Change values in pandas dataframe based on values in certain columns

How can I convert this first dataframe to the one below it? Based on different scenarios of the first three columns matching, I want to change the values in the rest of the columns.
import pandas as pd
df = pd.DataFrame([['foo', 'foo', 'bar', 'a', 'b', 'c', 'd'], ['bar', 'foo', 'bar', 'a', 'b', 'c', 'd'],
['spa', 'foo', 'bar', 'a', 'b', 'c', 'd']], columns=['col1', 'col2', 'col3', 's1', 's2', 's3', 's4'])
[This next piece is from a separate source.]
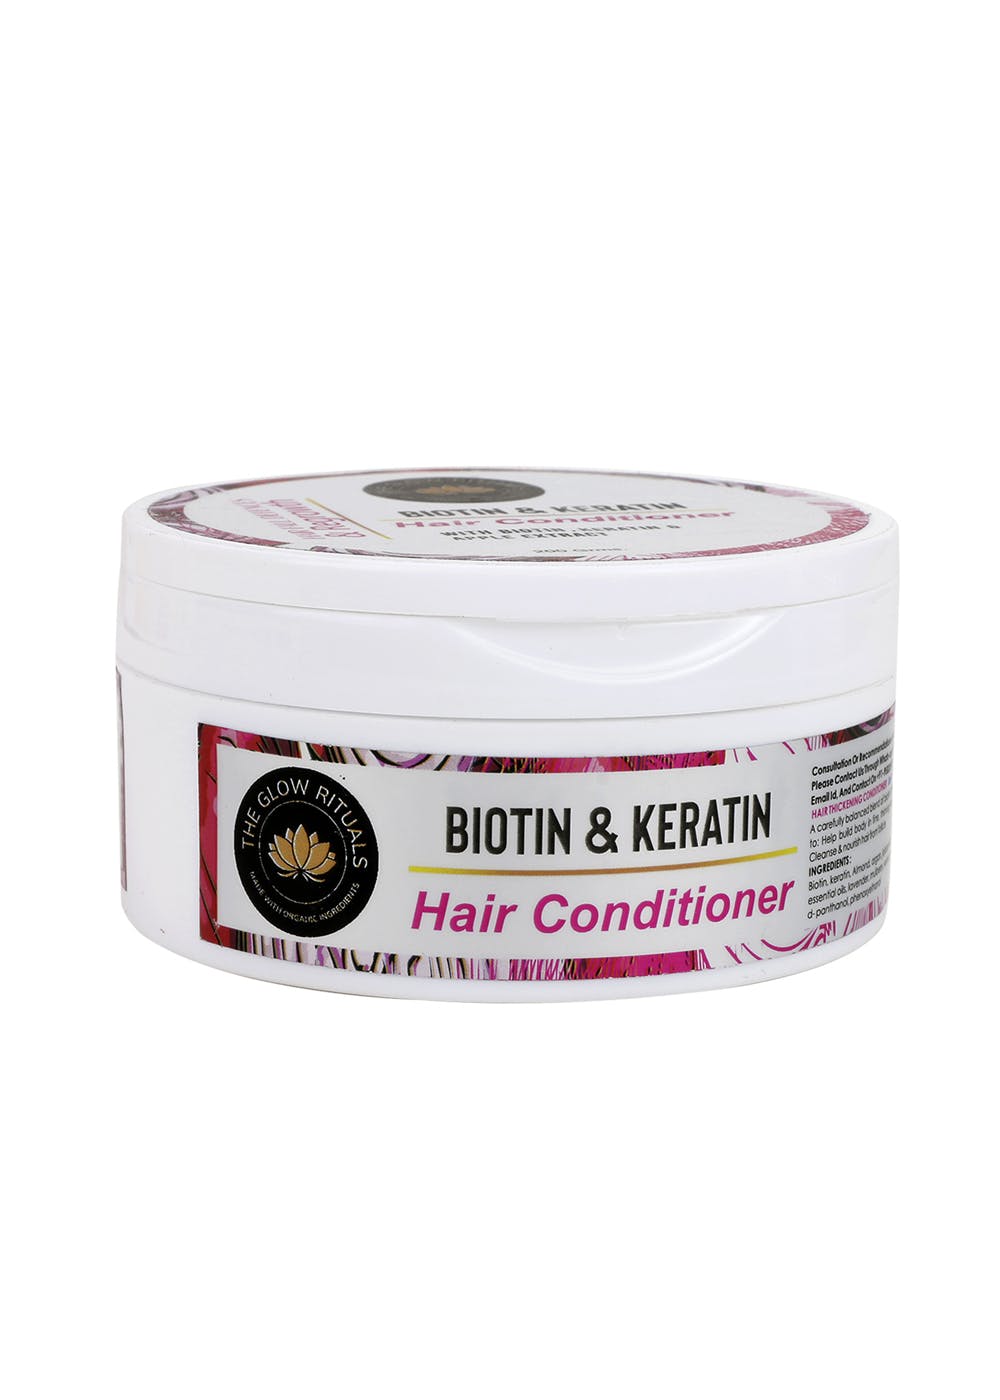 Biotin & Keratin Hair Conditioner (200g)

col1 col2 col3 s1 s2 s3 s4
0 foo foo bar a b c d
1 bar foo bar a b c d
2 spa foo bar a b c d
If col1 = col2, I want to change all a's to 2, all b's and c's to 1, and all d's to 0. This is row 1 in my example df.
If col1 = col3, I want to change all a's to 0, all b's and c's to 1, and all d's to 2. This is row 2 in my example df.
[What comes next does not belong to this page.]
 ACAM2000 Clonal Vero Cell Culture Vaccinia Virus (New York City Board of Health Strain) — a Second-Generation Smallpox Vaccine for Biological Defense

If col1 != col2/col3, I want to delete the row and add 1 to a counter so I have a total of deleted rows. This is row 3 in my example df.
So my final dataframe would look like this, with counter = 1:
df = pd.DataFrame([['foo', 'foo', 'bar', '2', '1', '1', '0'], ['bar', 'foo', 'bar', '0', '1', '1', '2']],
columns=['col1', 'col2', 'col3', 's1', 's2', 's3', 's4'])
col1 col2 col3 s1 s2 s3 s4
0 foo foo bar 2 1 1 0
1 bar foo bar 0 1 1 2
I was reading that using df.iterrows is slow and so there must be a way to do this on the whole df at once, but my original idea was:
for row in df.iterrows:
if (row["col1"] == row["col2"]):
df.replace(to_replace=['a'], value='2', inplace=True)
df.replace(to_replace=['b', 'c'], value='1', inplace=True)
df.replace(to_replace=['d'], value='0', inplace=True)
elif (row["col1"] == row["col3"]):
df.replace(to_replace=['a'], value='0', inplace=True)
df.replace(to_replace=['b', 'c'], value='1', inplace=True)
df.replace(to_replace=['d'], value='2', inplace=True)
else:
(delete row, add 1 to counter)
The original df is massive, so speed is important to me. I'm hoping it's possible to do the conversions on the whole dataframe without iterrows. Even if it's not possible, I could use help getting the syntax right for the iterrows.
You can remove rows by boolean indexing first:
m1 = df["col1"] == df["col2"]
m2 = df["col1"] == df["col3"]
m = m1 | m2
Get number of removed rows by sum of chained condition m1 and m2 with inverting by ~:
counter = (~m).sum()
print (counter)
1
df = df[m].copy()
print (df)
col1 col2 col3 s1 s2 s3 s4
0 foo foo bar a b c d
1 bar foo bar a b c d
and then replace with dictionary by condition:
d1 = {'a':2,'b':1,'c':1,'d':0}
d2 = {'a':0,'b':1,'c':1,'d':2}
m1 = df["col1"] == df["col2"]
#replace all columns without col1-col3
cols = df.columns.difference(['col1','col2','col3'])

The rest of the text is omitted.